In its annual Housing Sector Survey published to coincide with the Housing 2021 conference kicking off in Manchester today, consultancy Savills identified a significant shift towards investment in existing homes.
A poll of 138 social housing providers found that 30% expect the need to increase spending in current stock to affect their development programmes.
Stock investment, driven by the building safety and zero-carbon agendas, was cited as a top priority by 85% more respondents than in the 2020 survey.
Those which have crunched the numbers expect an average cost of £20,600 per home to get their housing stocks to net zero, the research found.

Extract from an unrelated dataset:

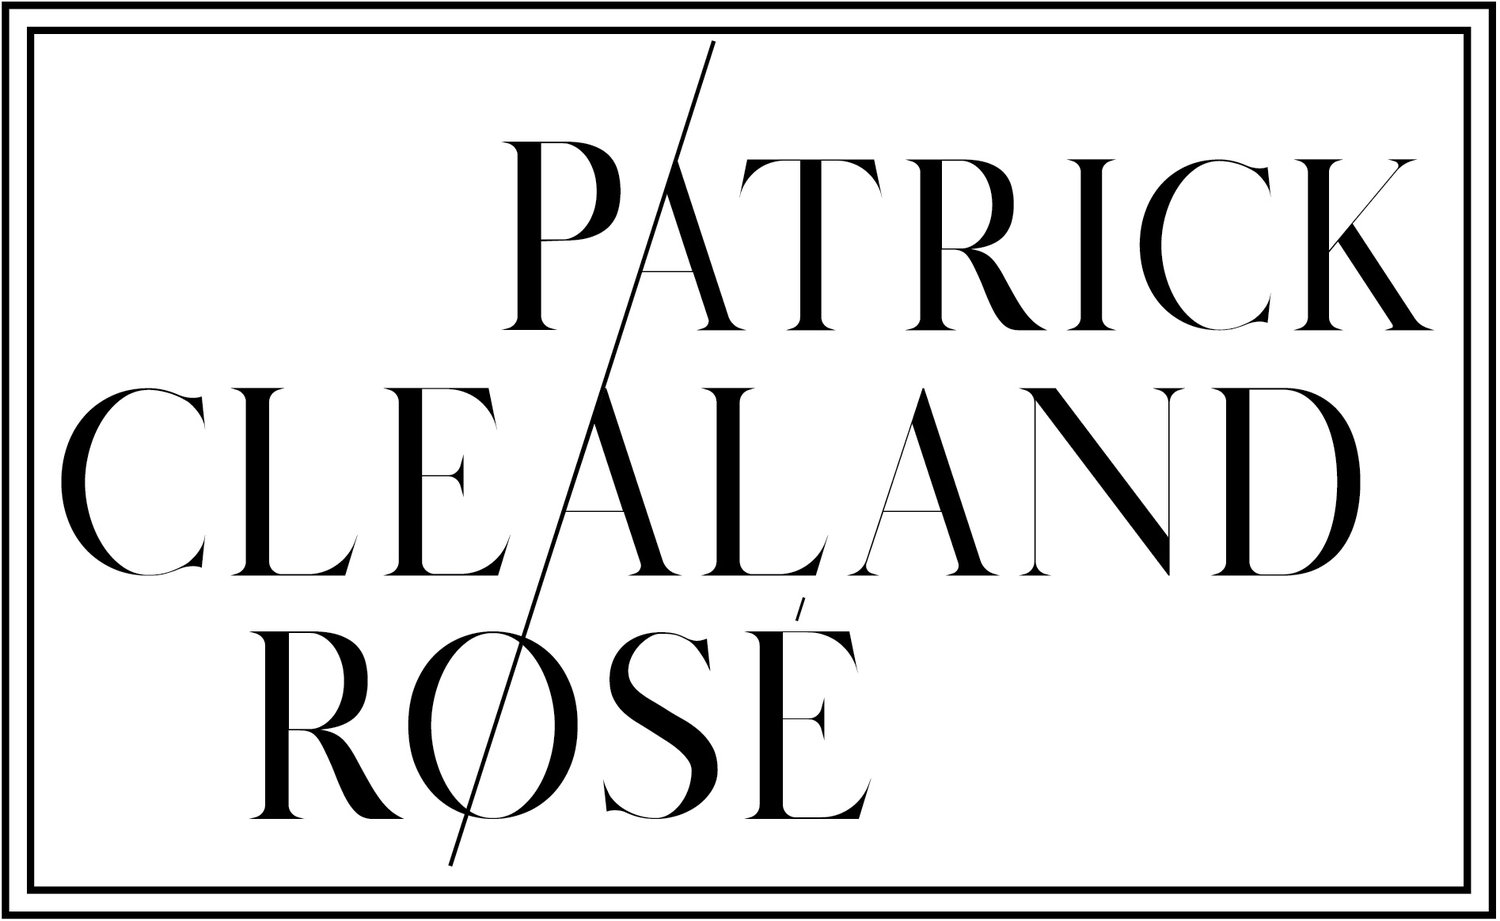 Patrick Clealand Rosé

But 37% of providers – including 25% of those with more than 5,000 homes – have not yet factored these huge costs into their business plans.
Just under half (49%) said financial capacity is the biggest constraint on achieving net zero, with 75% either considering refinancing or already doing it to help find the additional cashflow and 50% looking into stock rationalisation.
Savills said the landlords surveyed estimate that around 17% of their housing stocks may be uneconomical to upgrade, with 34% open to selling off these homes.
Overall, 61% of respondents said they plan to hit net zero carbon for their homes between 2031 and 2050.
On building safety, 82% reported having commenced work on between 75% and 90% of their homes that need remediation.
With the advent of First Homes – a new discounted homeownership product expected to reduce the number of other affordable homes delivered through planning agreements – 55% of providers expect to carry out more land-led development.
Helen Collins, head of the affordable housing consultancy team at Savills, said she expected land-led development to be “a key feature of the next five years”.
The survey found that 23% of landlords are open to or already actively considering selling stock to for-profit social housing providers – though a much bigger proportion (38%) would not out of principle.
More respondents were interested in entering development joint ventures with for-profits or agreements to manage their stock.
Besides stock investment, tenant support and community engagement were identified as the sector’s leading priorities this year.
Ms Collins added: “The five years we have been running the Savills Housing Sector Survey have documented an incredible degree of change in the social housing sector.
“When we launched the survey in 2017, the headlines were dominated by rent cuts, the Grenfell Tower tragedy, development cross-subsidy and Brexit.
“For-profit providers had yet to emerge in a meaningful way, and decarbonisation of the economy was not government policy.
“Now, in response to new building safety legislation, the COVID-19 pandemic, net zero carbon by 2050 and the Social Housing White Paper, there is an increased focus on investing in existing homes and helping build more resilient communities, alongside development.”